#### Collected material:

------------------------------------

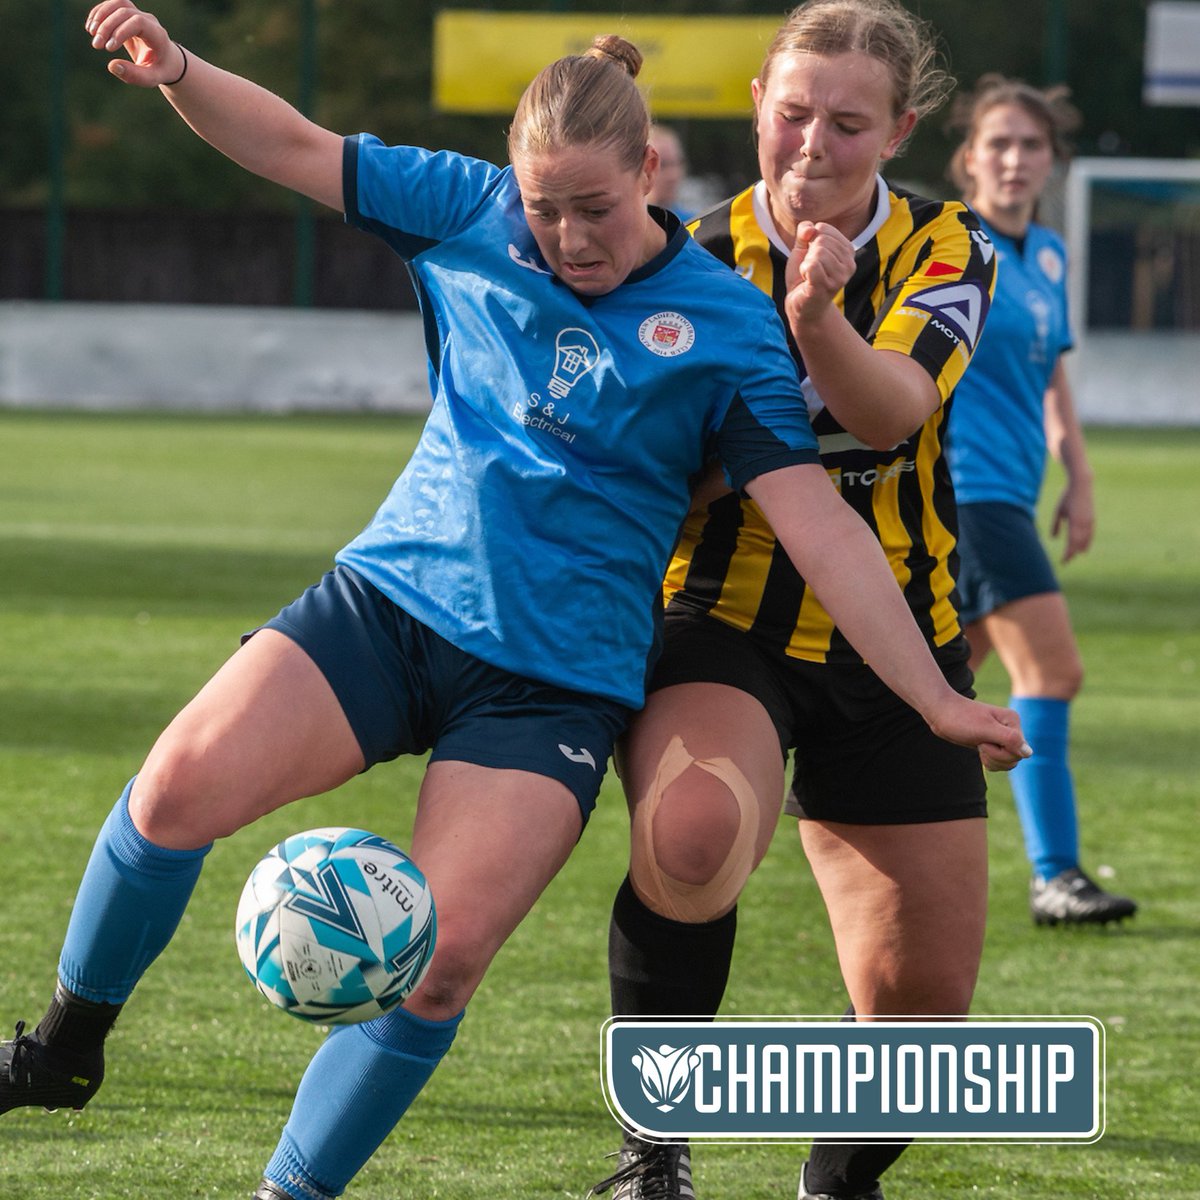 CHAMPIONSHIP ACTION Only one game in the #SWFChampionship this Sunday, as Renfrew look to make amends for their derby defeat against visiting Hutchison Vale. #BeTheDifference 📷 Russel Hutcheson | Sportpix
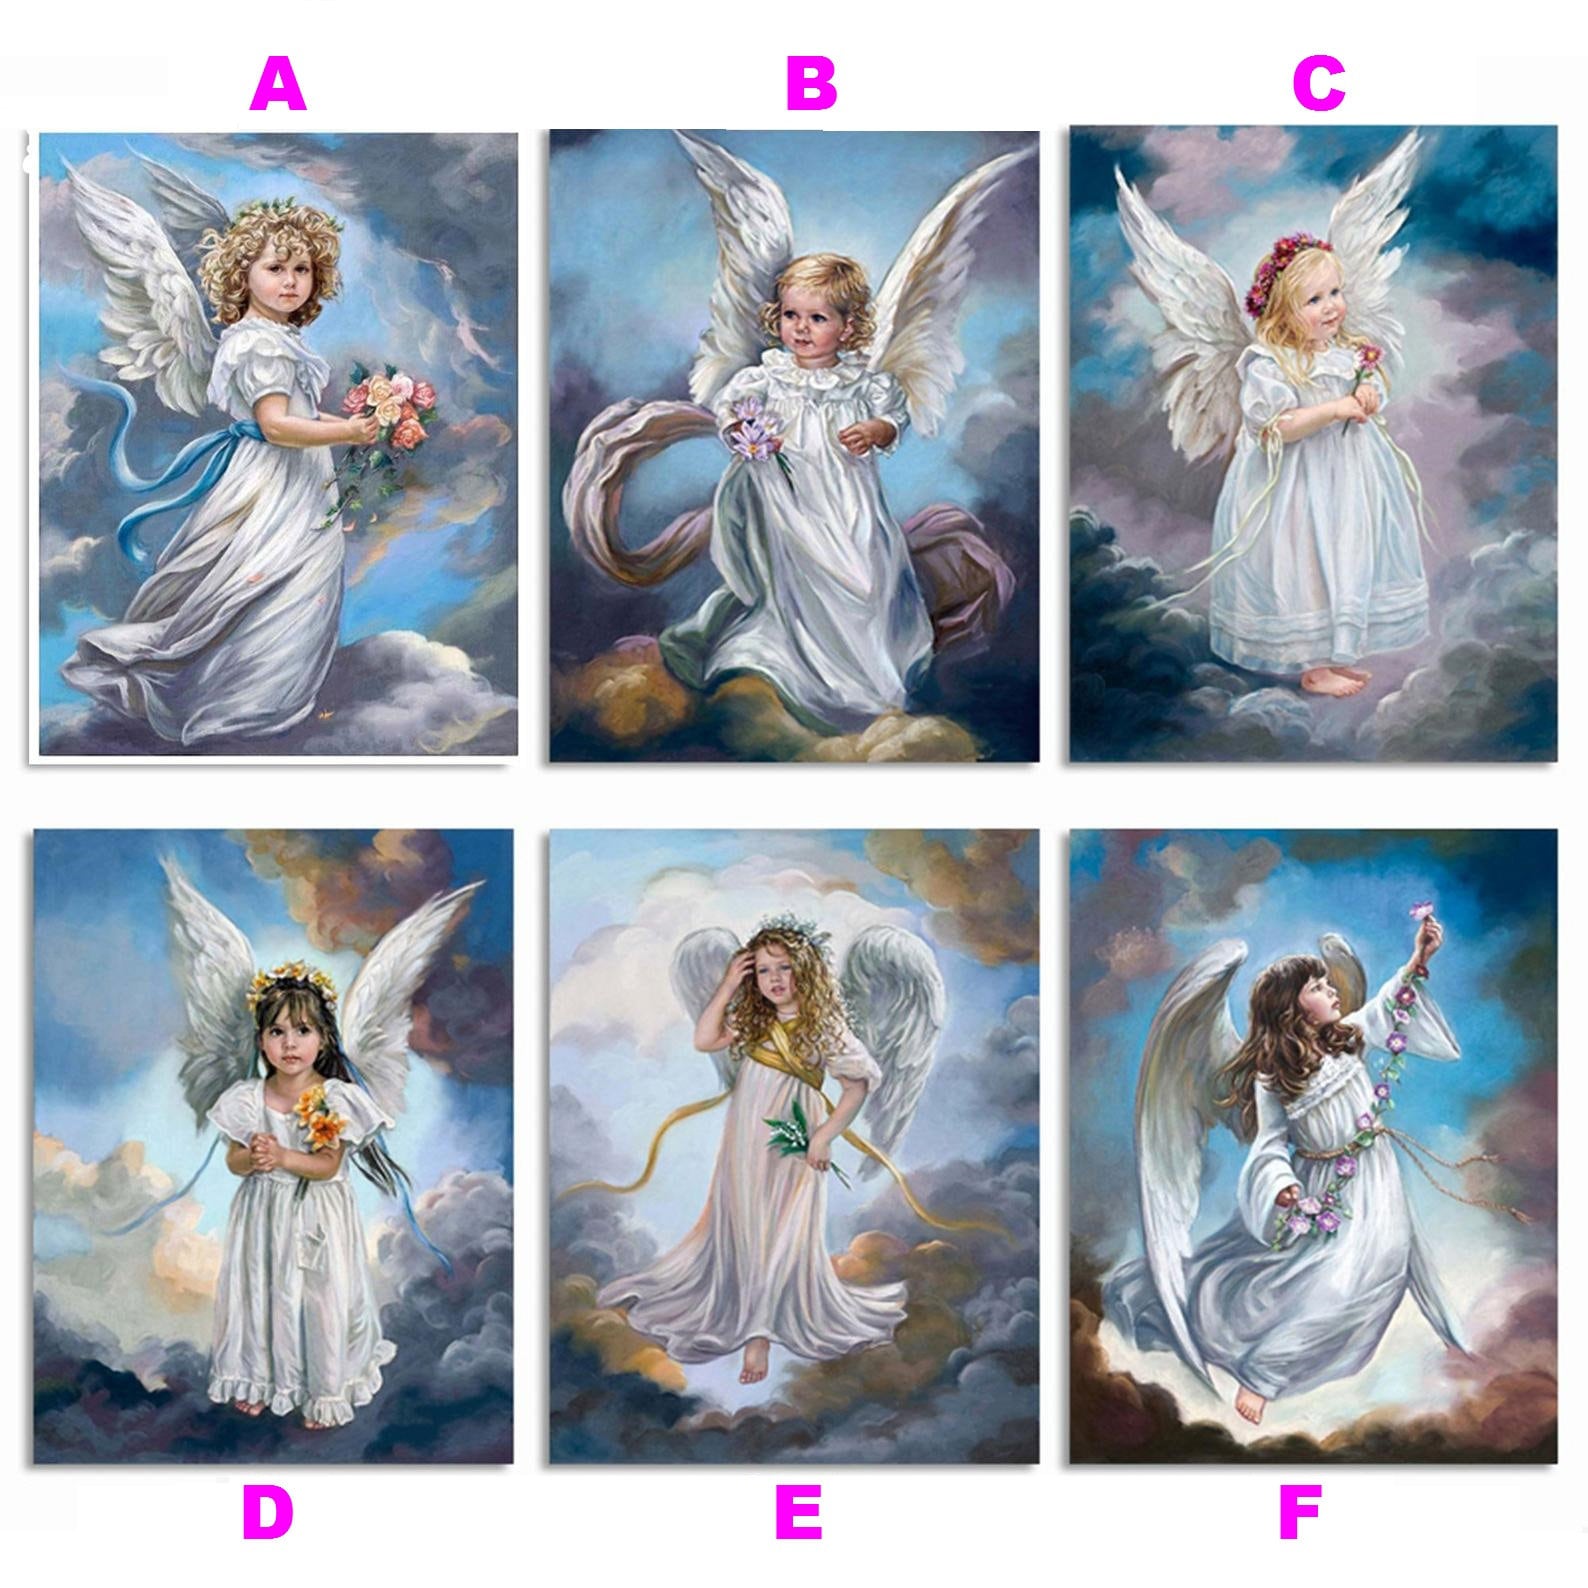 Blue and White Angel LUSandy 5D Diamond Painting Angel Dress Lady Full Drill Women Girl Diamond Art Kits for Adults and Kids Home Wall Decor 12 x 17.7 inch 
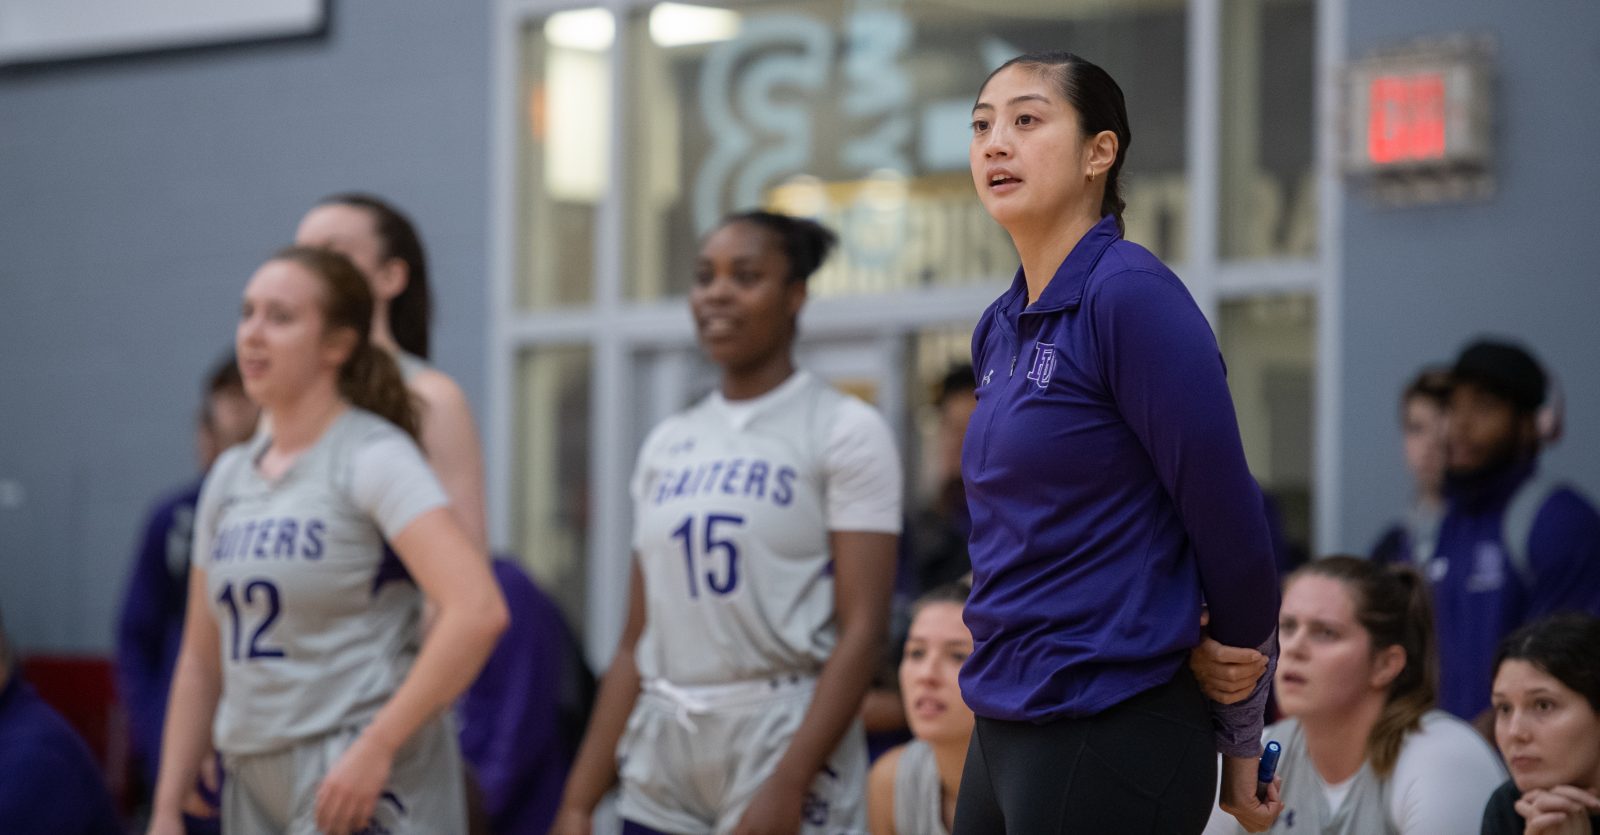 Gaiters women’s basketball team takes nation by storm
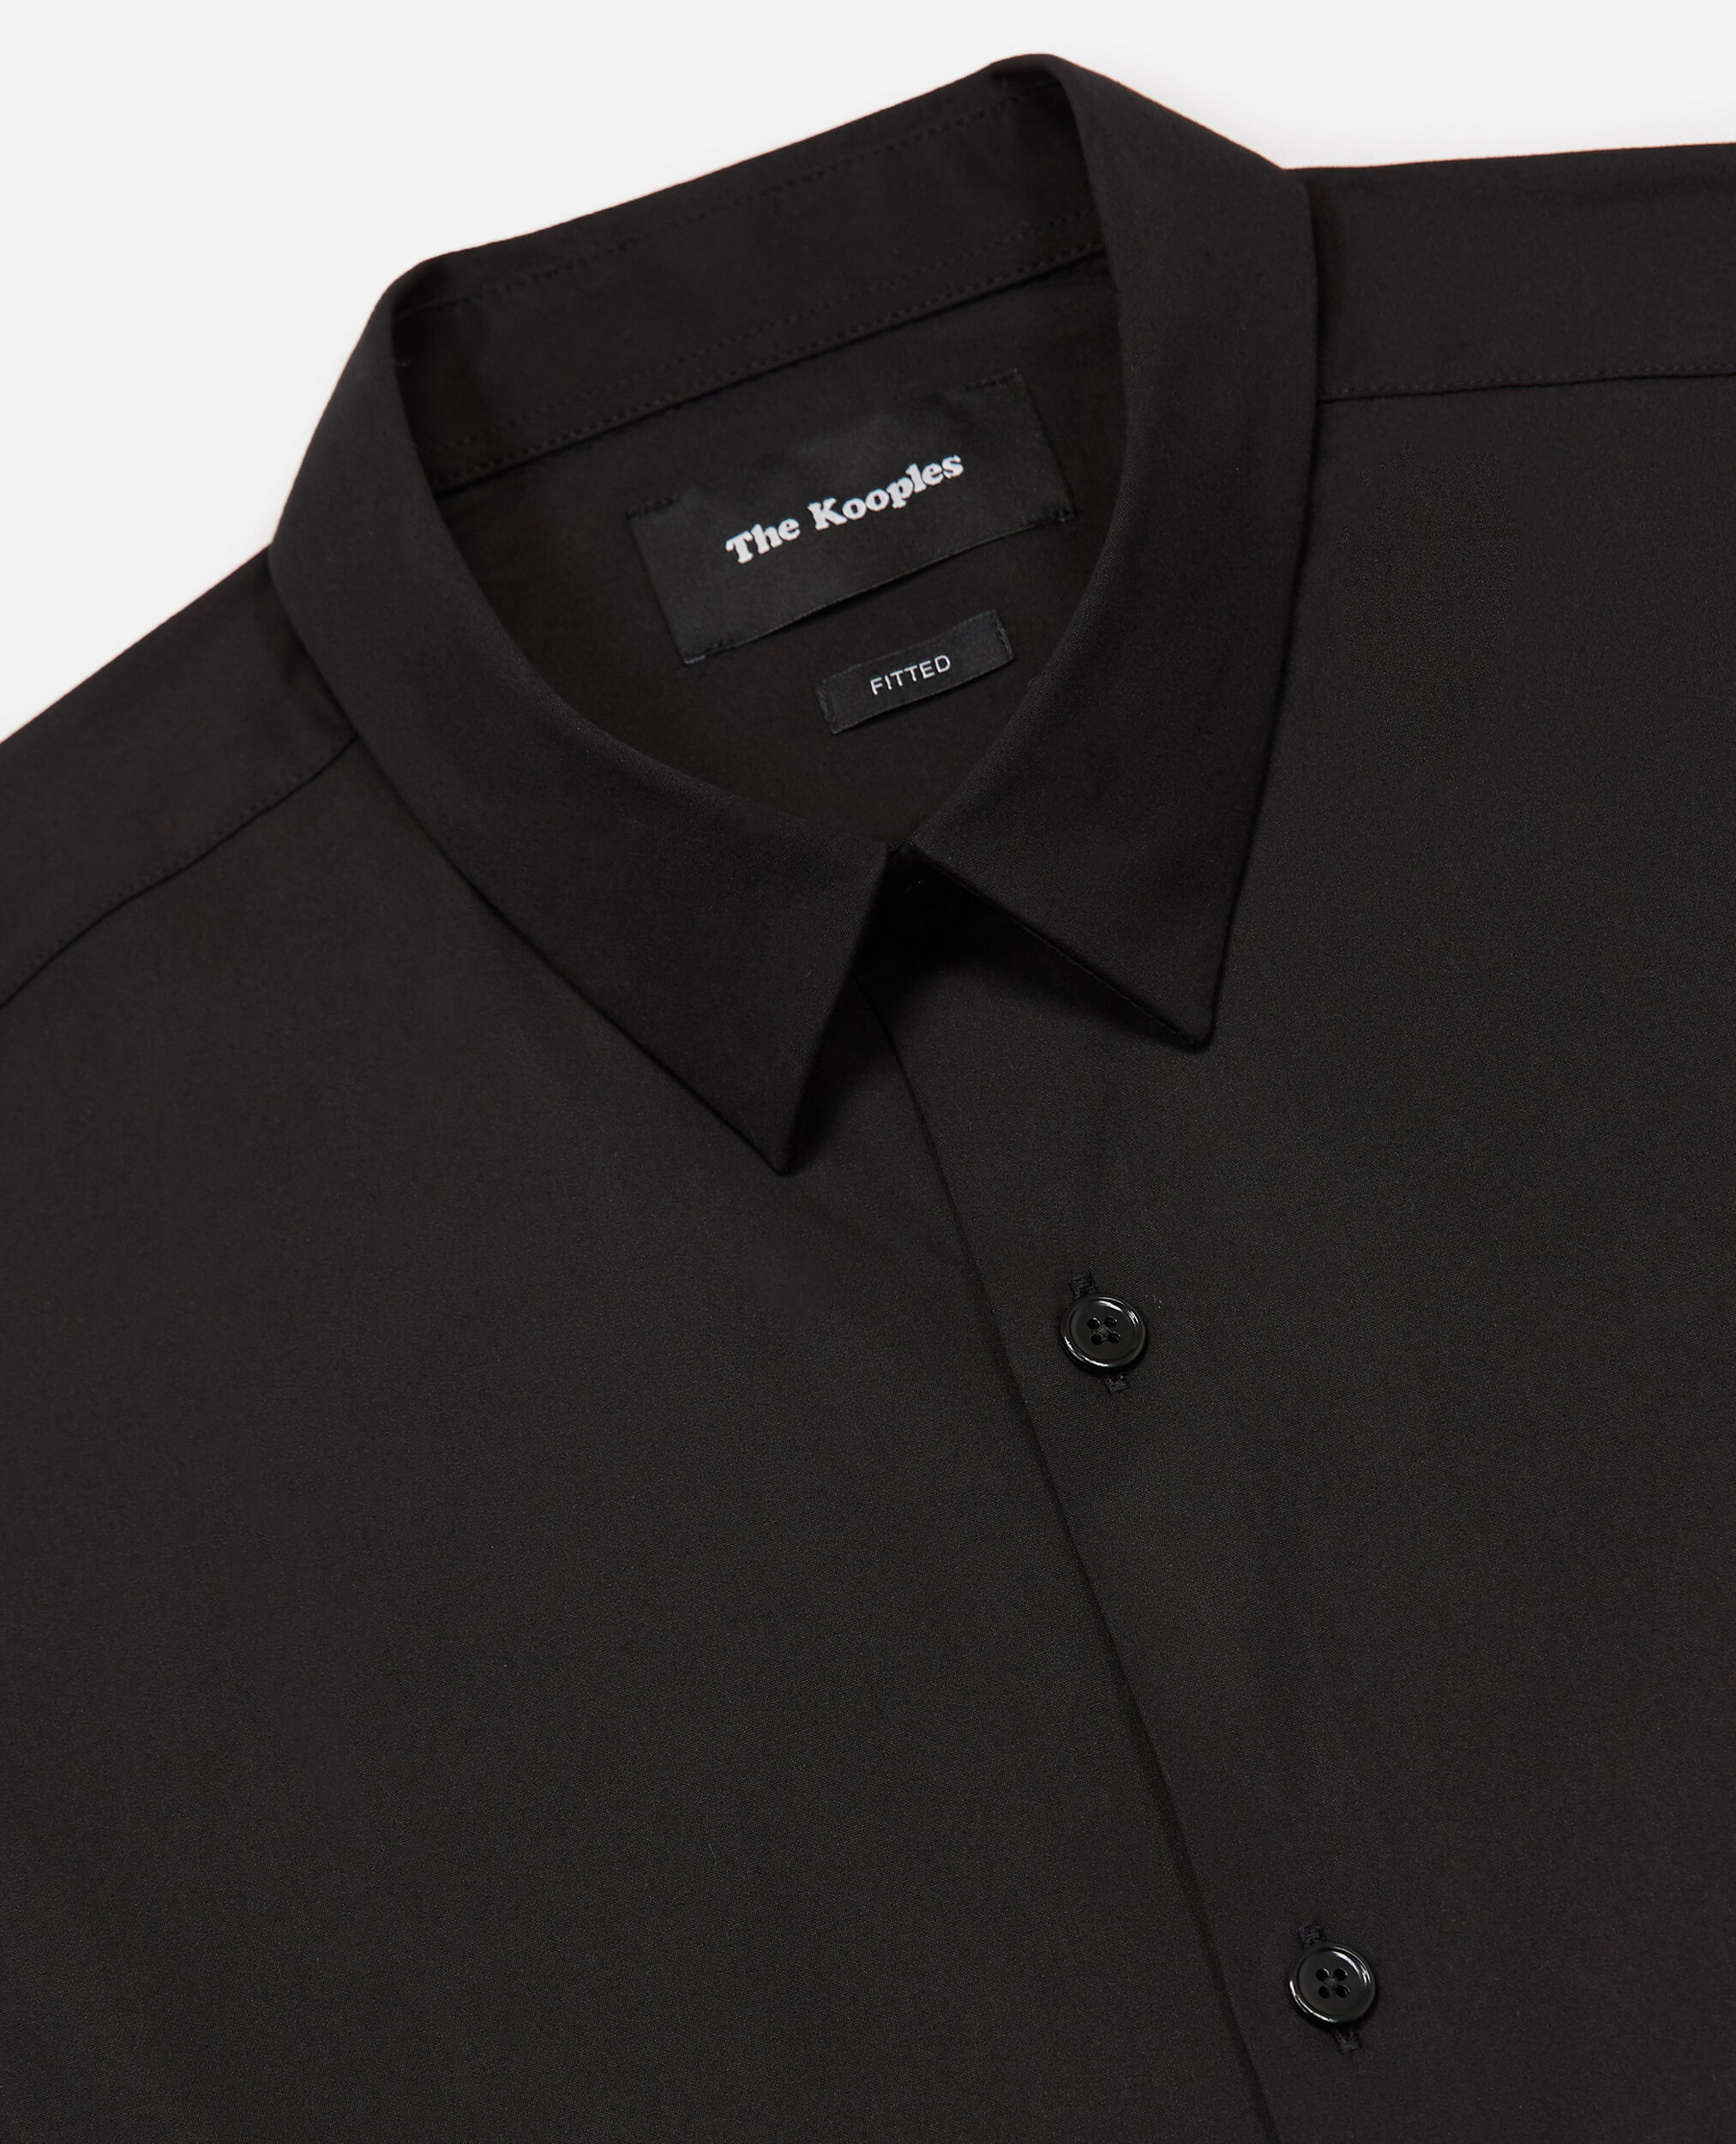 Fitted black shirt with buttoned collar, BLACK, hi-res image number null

------------------------------------

#### Exercise objective:
Omit the pictures, then output the rest of the listing exactly.

#### Reply to the task:
 CHAMPIONSHIP ACTION Only one game in the #SWFChampionship this Sunday, as Renfrew look to make amends for their derby defeat against visiting Hutchison Vale. #BeTheDifference 📷 Russel Hutcheson | Sportpix
 Blue and White Angel LUSandy 5D Diamond Painting Angel Dress Lady Full Drill Women Girl Diamond Art Kits for Adults and Kids Home Wall Decor 12 x 17.7 inch 
 Gaiters women’s basketball team takes nation by storm
 Fitted black shirt with buttoned collar, BLACK, hi-res image number null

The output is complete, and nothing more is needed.